Not since the advent of virtualization has the data center faced such an opportunity for change.
Low-cost, ultra-low-power servers – sometimes called microservers – may finally get a jolt of legitimacy.
On Monday, secretive Santa Clara start-up SeaMicro formally launched its long-awaited remake of the x86 server: a 512-processor box that doesn’t use Intel’s ubiquitous Xeon chips but low-power Atoms instead. Atoms are the processors sold in $300 netbooks – giving rise to the observation that SeaMicro’s SM10000 is really just a collection of netbooks stuffed in a one box.

Expect vendors such as Dell to begin making microservers. SeaMicro claims it will cut power use by 75 percent.
It’s an observation that is essentially true. The result is a server that uses one-quarter the power and takes up one-quarter the space while performing the same amount of work. CEO Andrew Feldman says Atom is three times more efficient in performance per watt than Xeon. The reason is it can better power down when not in use and doesn’t waste energy trying to anticipate future workloads, as Xeon does.
That is why the SeaMicro box is better suited to the Internet, where traffic is bursty and generally only places lightweight demands on a server.
The SM10000 is the brainchild of Gary Lauterback, a former AMD fellow and Sun Microsystems engineer, and “is an enormous transformation of the data center,” claims Feldman.
He may not be exaggerating. Zeus Kerravala, a long-time tracker of the server industry at Yankee Group, says: “As an analyst I am often skeptical of technologies people tout as revolutionary, but this one I was really impress with.” If Dell and other top tier vendors aren’t already thinking about microservers “I’d be surprised,” he says.

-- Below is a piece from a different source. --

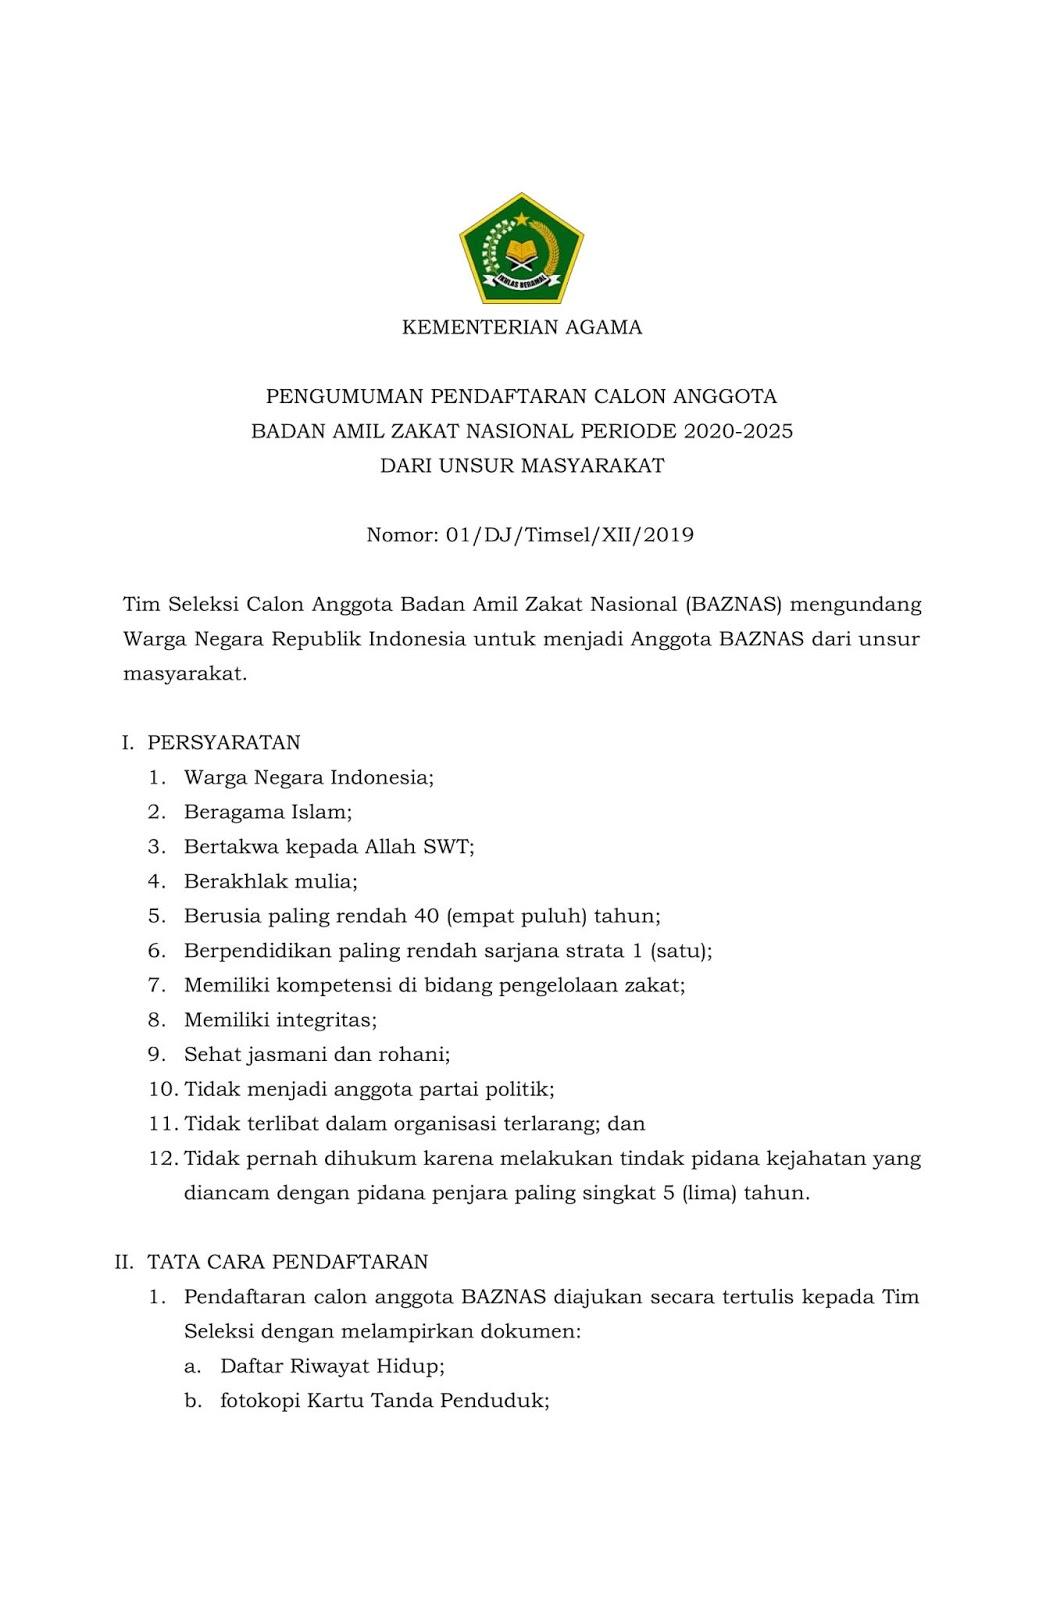 Rekrutmen Baznas Kementerian Agama Republik Indonesia Bulan Desember 2019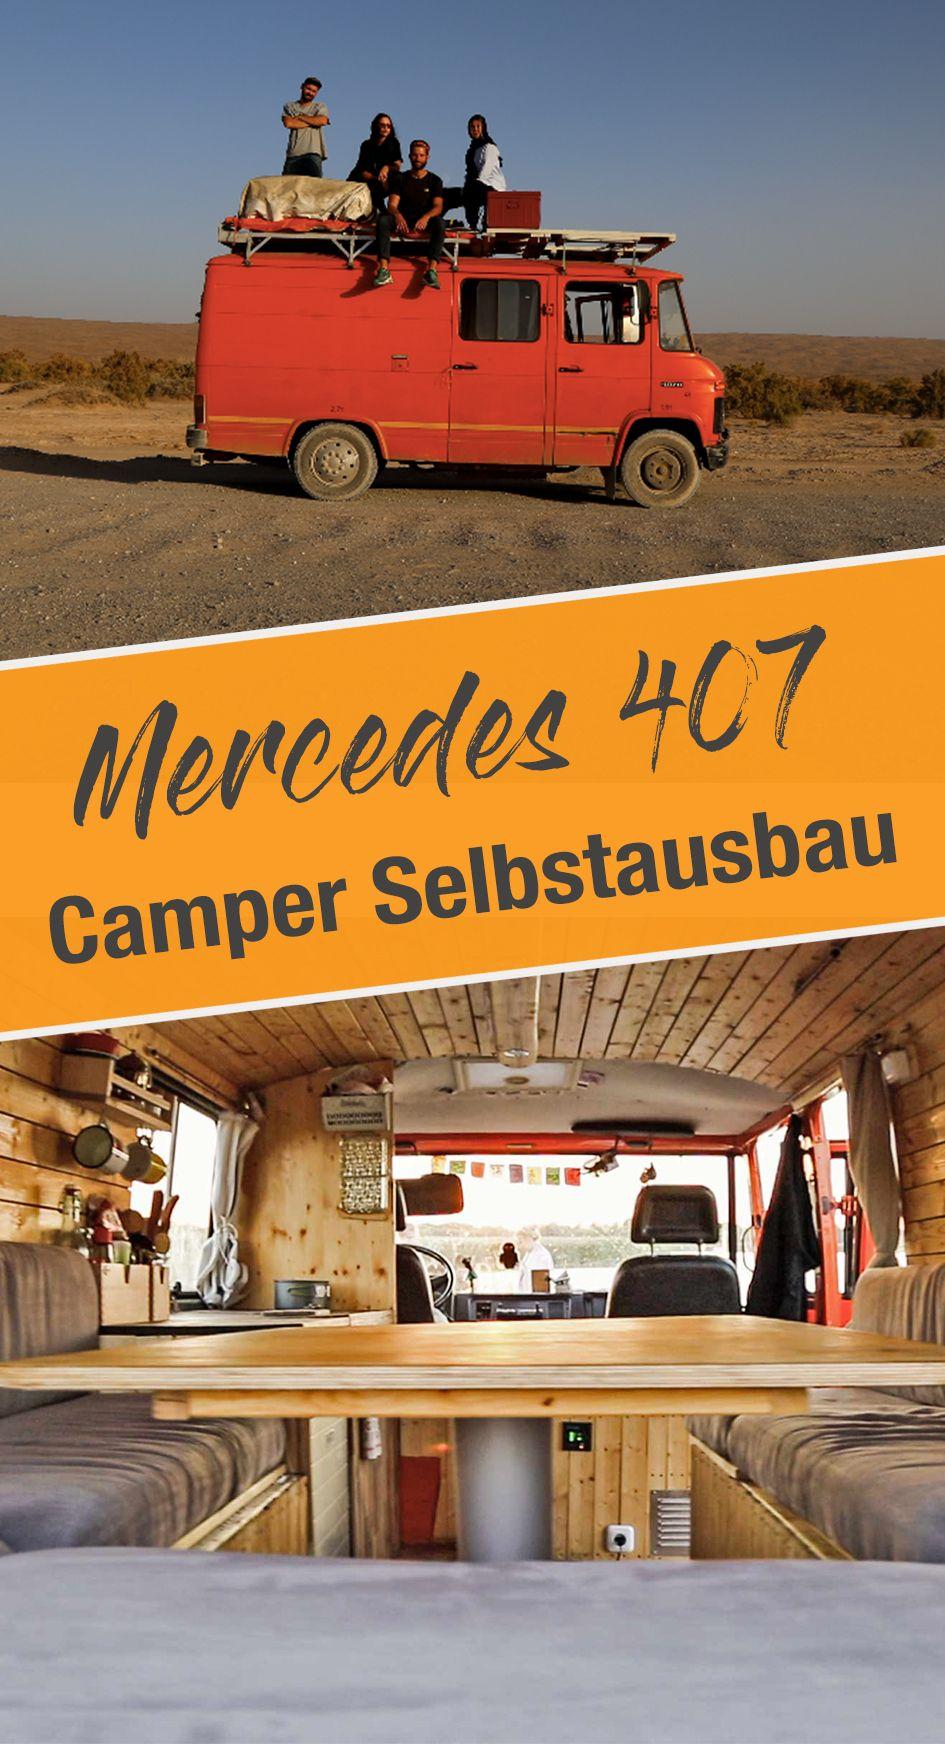 mercedes 407d wohnmobil selbstausbau campingbus ausbau. Black Bedroom Furniture Sets. Home Design Ideas

In truth, SeaMicro isn’t the first company to conceive of low-power servers or ones running Atom. Super Micro Computer launched a rack-mounted Atom blade last year, and Hewlett-Packard markets a $400 MediaSmart home-server with Atom. In Austin, TX, Smooth Stone is working on technology to bring even lower-powered ARM processors, those in many cell phones, to the server market.
Improved efficiency is what motivated cloud-computing vendor Rackable Systems to make use of small servers with modest power to handle fluctuating Internet workloads.
However, SeaMicro hopes to take Atom boxes a step further. The company built into the SM10000 a 1.28-terabit communications fabric powerful enough for a super computer and installed a custom ASICs to handle the complex load balancing for 512 processors. A single box can replace 40 dual-socket, quad-core servers, two Ethernet switches and two terminal servers, says Feldman.
It also shrank the size of processor motherboards to the size of a credit card, taking off unnecessary components and reducing the power draw.
According to IDC, the package may catch on with Web 2.0 companies. Companies spend $27 billion globally a year buying energy to run their servers, the research firm says. Most would die to reduce the bill.
“I think it is a radical approach” that Web 2.0 companies will quickly adopt for their public clouds, says research analyst Katherine Broderick.
The SeaMicro, which raised $25 million from backers including Khosla Ventures, Draper Fisher Jurvetson and Crosslink Capital and received a $9.3 million Department of Energy grant, will make the box available in July. Selling for $139,000, it is likely to begin earning its investors a return.